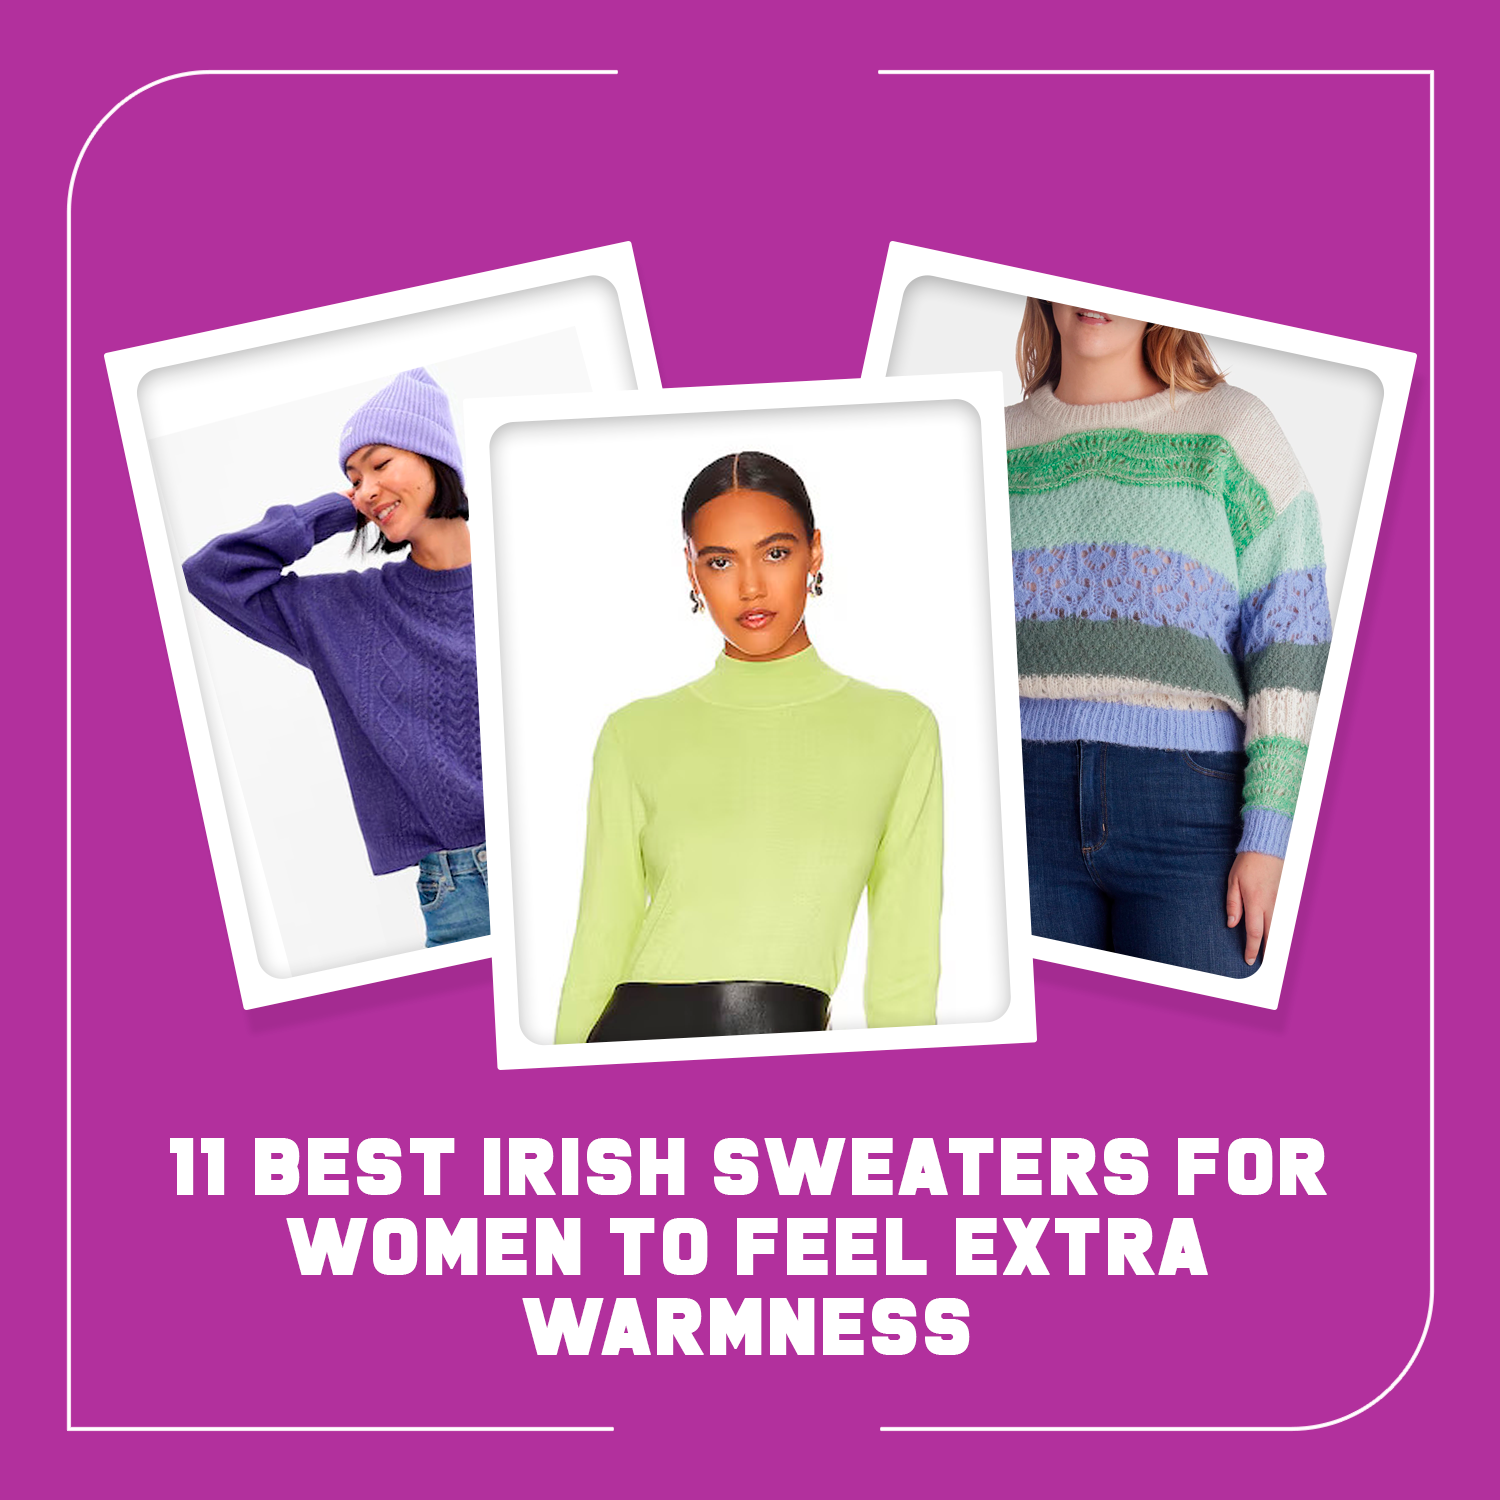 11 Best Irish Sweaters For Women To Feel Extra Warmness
---
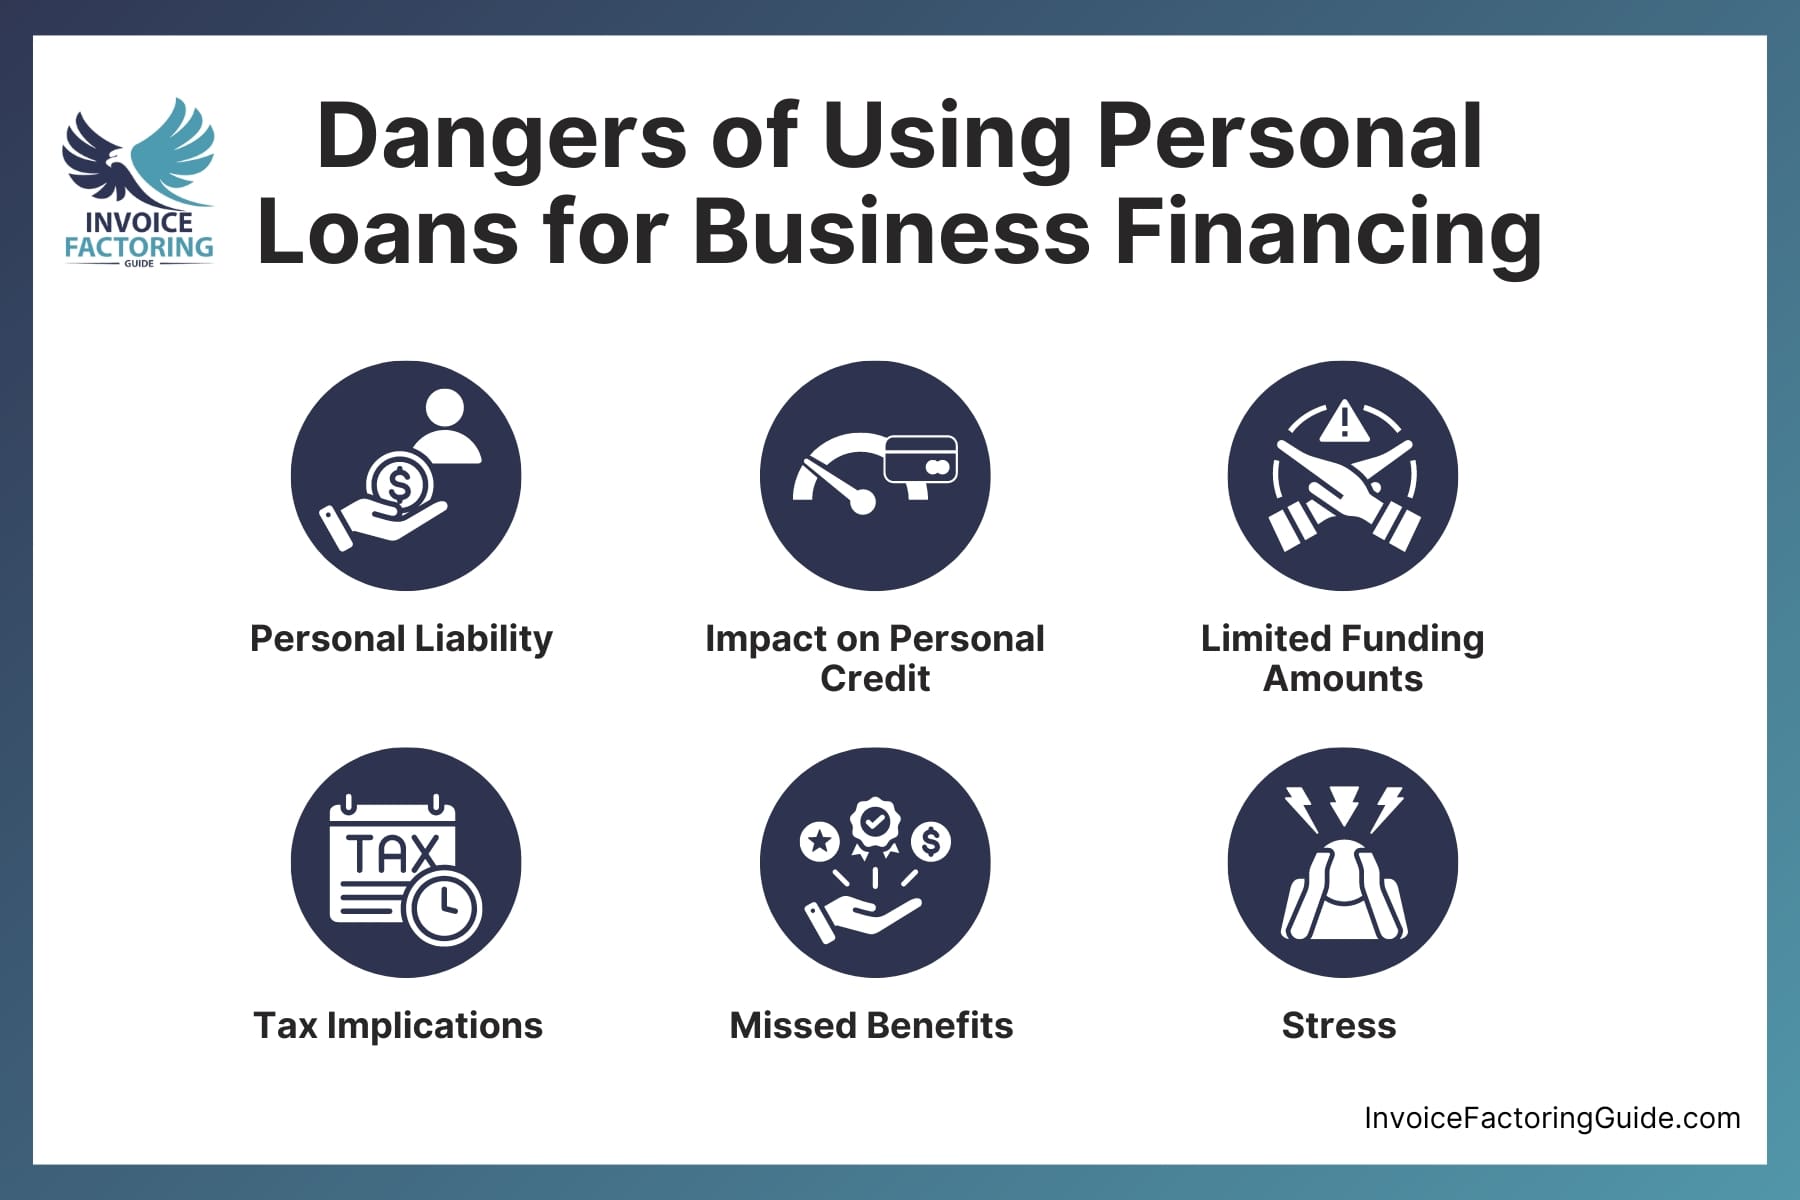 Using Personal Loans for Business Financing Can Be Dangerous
* * *
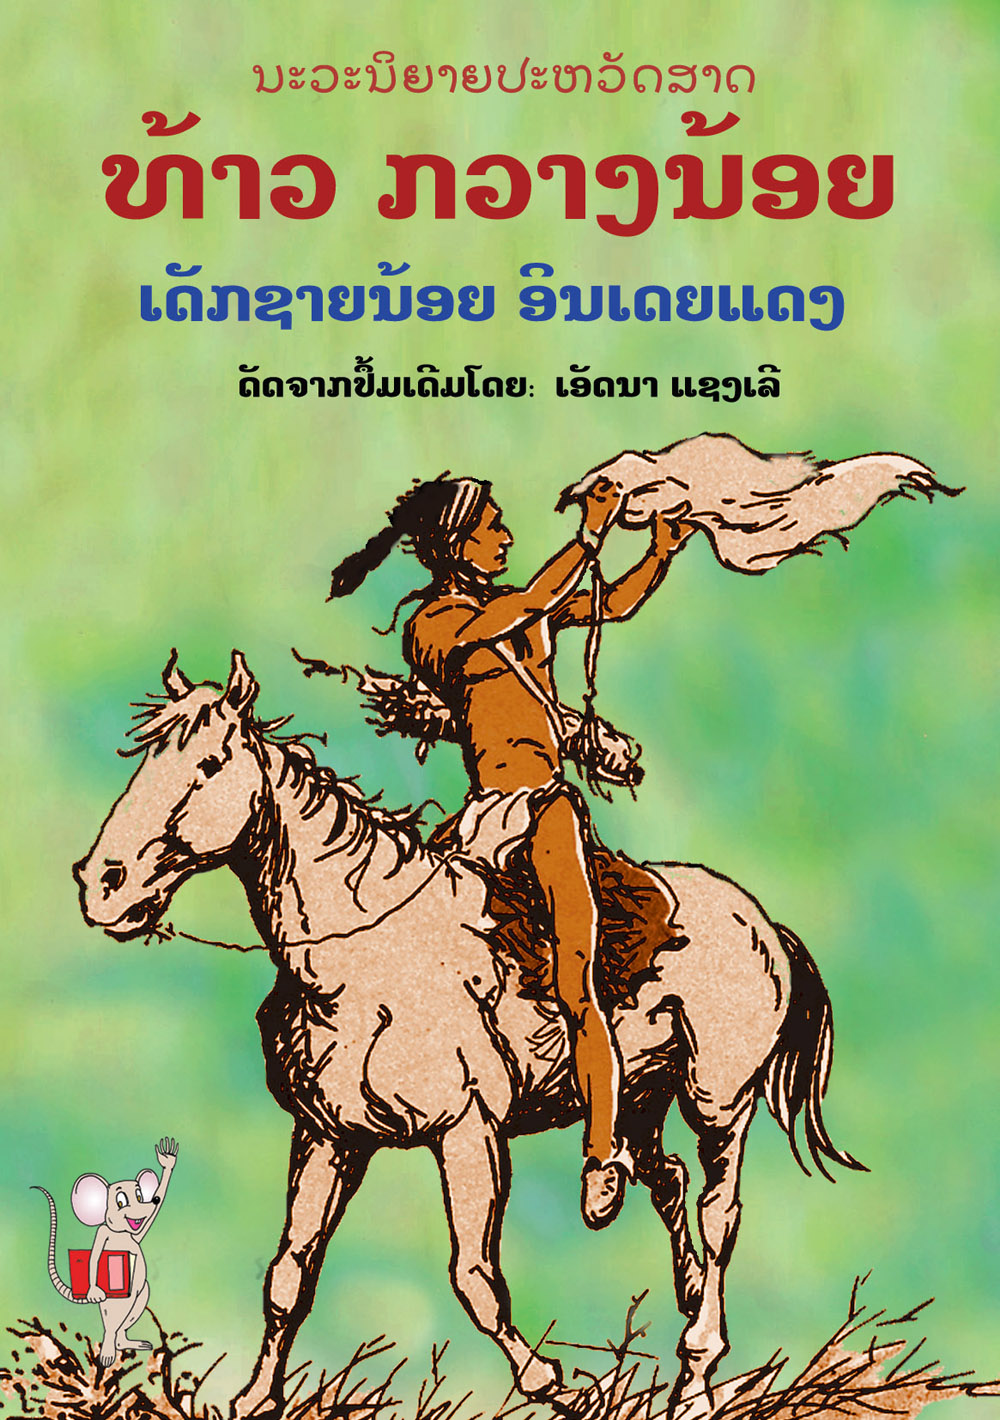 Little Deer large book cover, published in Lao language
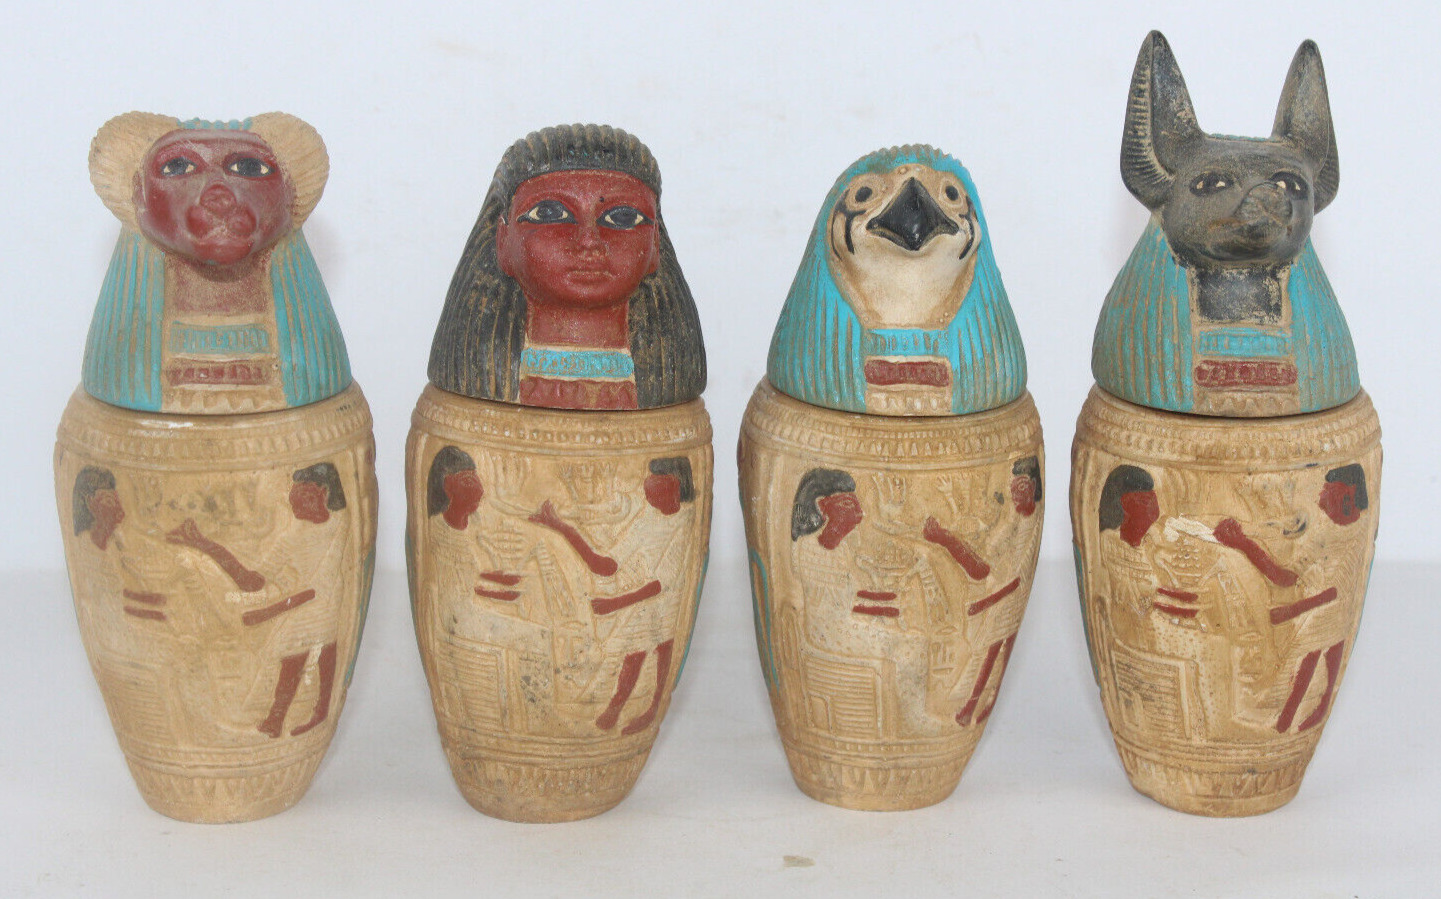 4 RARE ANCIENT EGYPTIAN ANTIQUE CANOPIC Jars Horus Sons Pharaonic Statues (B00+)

TASK PROMPT: Please copy out from the data above, without any picture, exactly the lines running from the one that holds "Little Deer large" through the one that holds "4 RARE ANCIENT", and nothing beyond them.

WRITTEN SOLUTION:
 Little Deer large book cover, published in Lao language
 4 RARE ANCIENT EGYPTIAN ANTIQUE CANOPIC Jars Horus Sons Pharaonic Statues (B00+)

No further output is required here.